С Митрой или Изидой можно поладить; им можно воздвигнуть статуи, известно немало способов их умилостивить, если оскорбишь их почитателей; но как быть с этим богом Ягве, когда у него нет образа, нет лика, когда он лишен вещественности, подобен несущим лихорадку болотным испарениям и их блуждающим огонькам: их нельзя схватить, их можешь познать только по вредоносному действию.
Анний Басс как-то рассказывал ему, что дом этого Ягве, белый с золотом храм, «то самое», как называли его римские солдаты, одним своим видом угнетал души осаждающих, вызывал в них болезнь. Он тогда их чуть с ума не свел. Тит всю жизнь боялся мести бога Ягве, ибо оскорбил его, разрушил его дом. И последнее, что он сделал, он попросил прощения за эту обиду у еврея Иосифа.
Он, Домициан, не ведает страха, но он верховный жрец, он представляет на земле Юпитера Капитолийского, он почитает всех богов, и он избегает затевать ссору с чужим богом и его верховным жрецом. Он будет обращаться осторожно с этим богословом. Ведь евреи хитры. Подобно тому как отряды римлян идут на штурм «черепахой»[36], спрятавшись под кровлей из щитов, так же прячутся и евреи под покровом своего невидимого бога.
Но, может быть, это все обман? Может быть, его совсем не существует, их невидимого бога?
Собственные боги должны ему помочь, дать совет. Поэтому-то он и облекся в торжественные одежды и пригласил их в гости, поэтому вкушает с ними пищу, поэтому на золотых тарелках перед ними лежат окутанные паром куски свинины, баранины и телятины.
Он старается быть достойным таких гостей, тянется вверх, силится придать своему лицу такое же выражение, как на его статуях: голова с львиным лбом чуть откинута назад, брови угрожающе сдвинуты, ноздри слегка раздуваются, рот полуоткрыт – и вот он погружает взгляд в глаза божественных сотрапезников, ожидая, что они просветят его, дадут совет.

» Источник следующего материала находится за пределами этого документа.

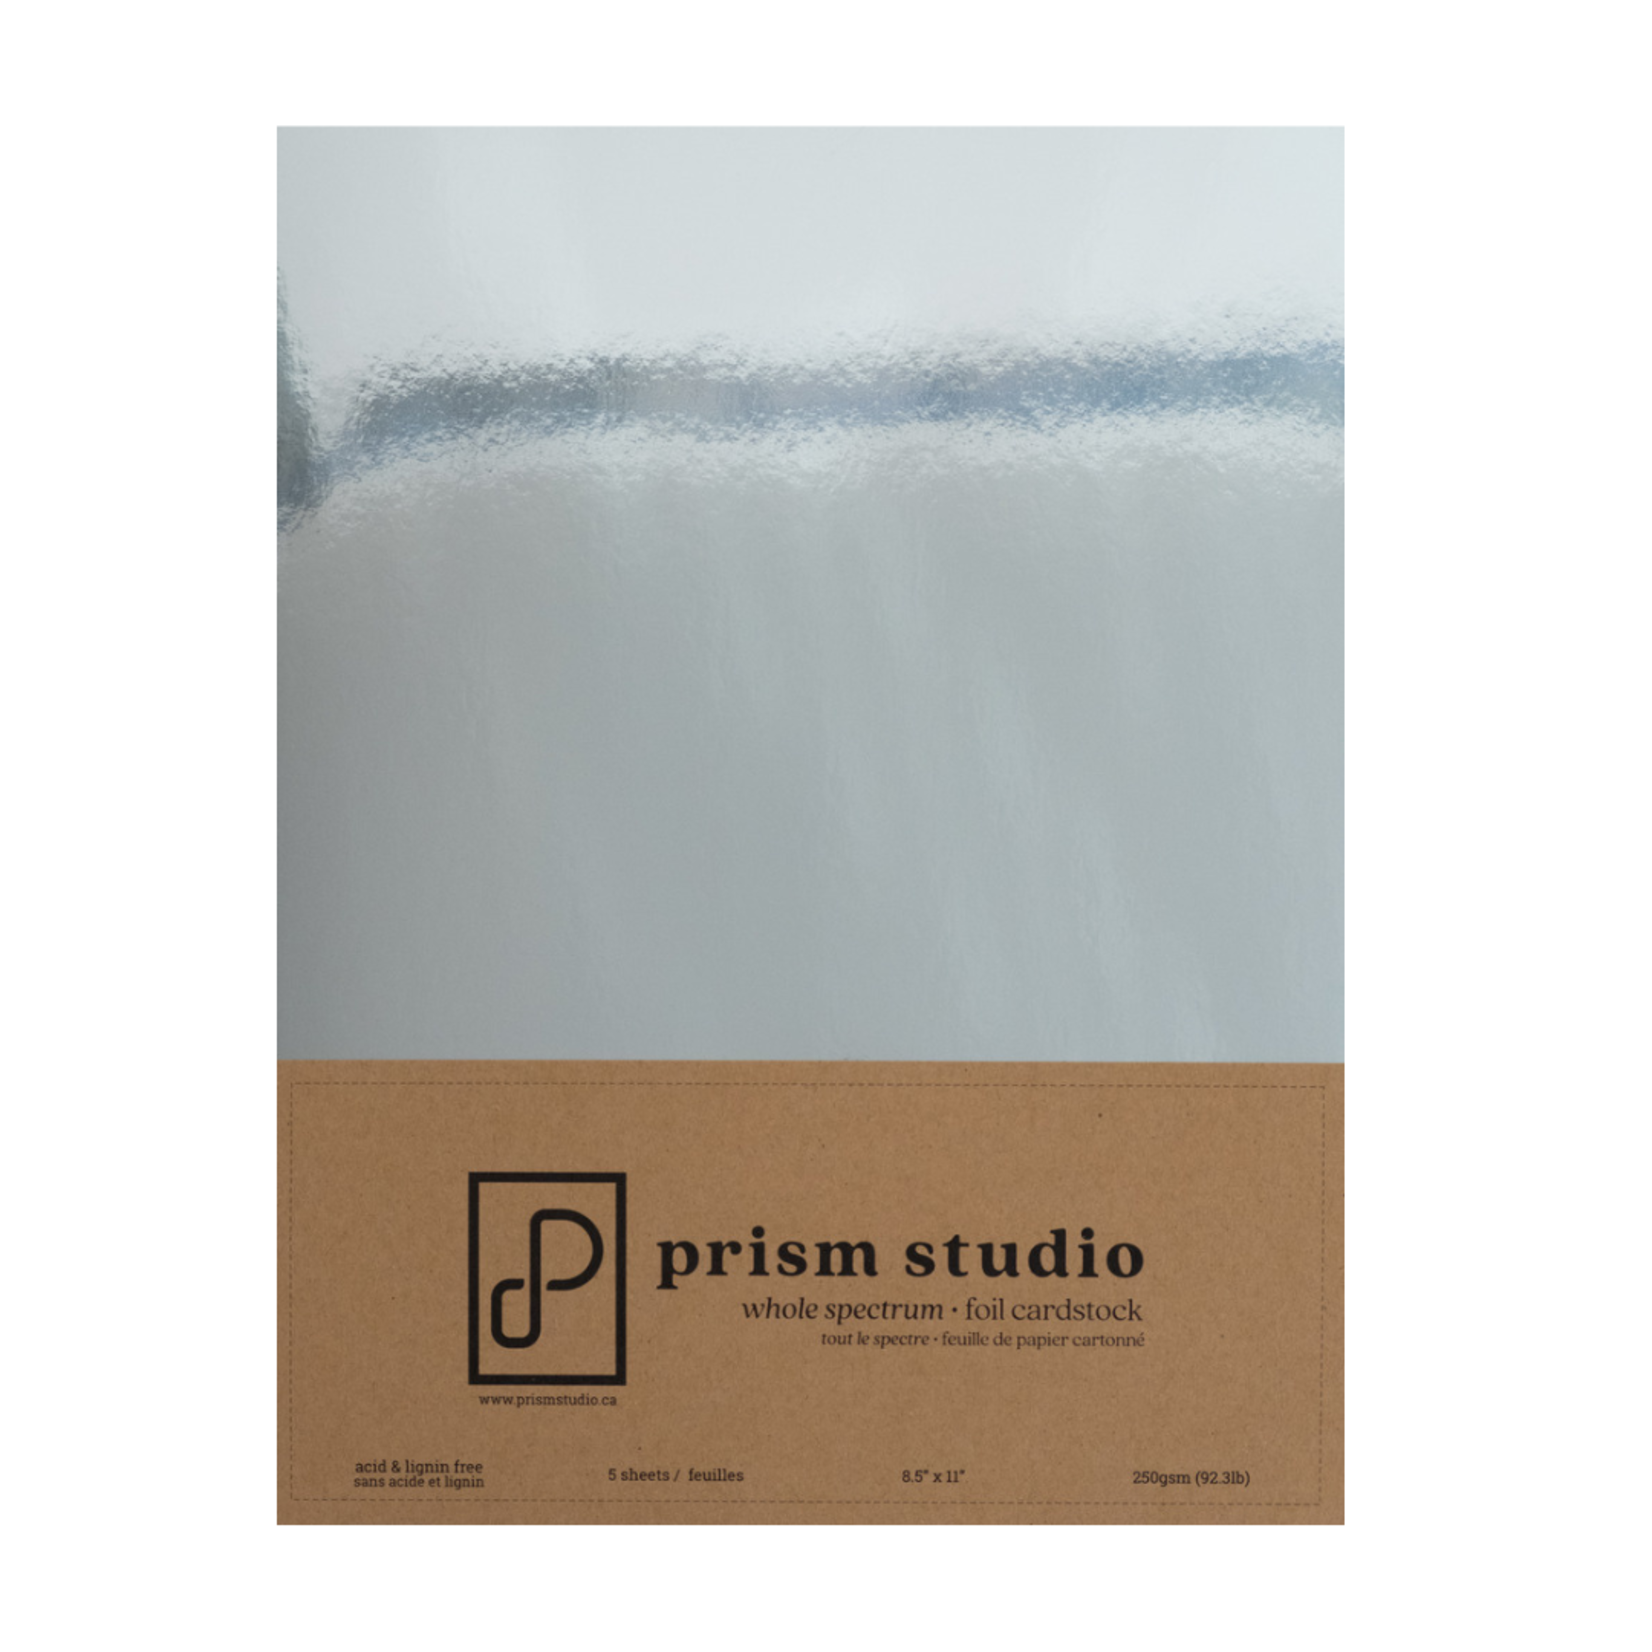 PRISM STUDIO PRISM STUDIO WHOLE SPECTRUM FOIL CARDSTOCK 8.5X11 CHROME

Так как Юпитер молчит и Юнона тоже не подает голоса, он обращается к Минерве, своей любимой богине. Вот она перед ним. Он избавил ее от дешевой идеализации, от миловидности, которую скульпторы придавали ее изображению, и вернул ей совиные очи[37], которые были у нее искони; их вставил Критий, великий мастер. Да, для него, Домициана, она – совоокая Минерва. Он чувствует в ней зверя, как чувствует зверя в себе, – мощную первобытную силу. Своими большими, близорукими глазами навыкате смотрит он не отрываясь в большие, круглые совиные глаза богини. Он ощущает глубокую связь с ней. И он обращается к ней; вслух, не смущаясь растерянных слуг, которые стараются не слышать и все же вынуждены слышать, он заговаривает с ней. Он пытается придать своему резкому голосу мягкость, называет богиню всякими хвалебными и ласкательными именами – греческими, латинскими, всеми, какие ему только приходят на ум.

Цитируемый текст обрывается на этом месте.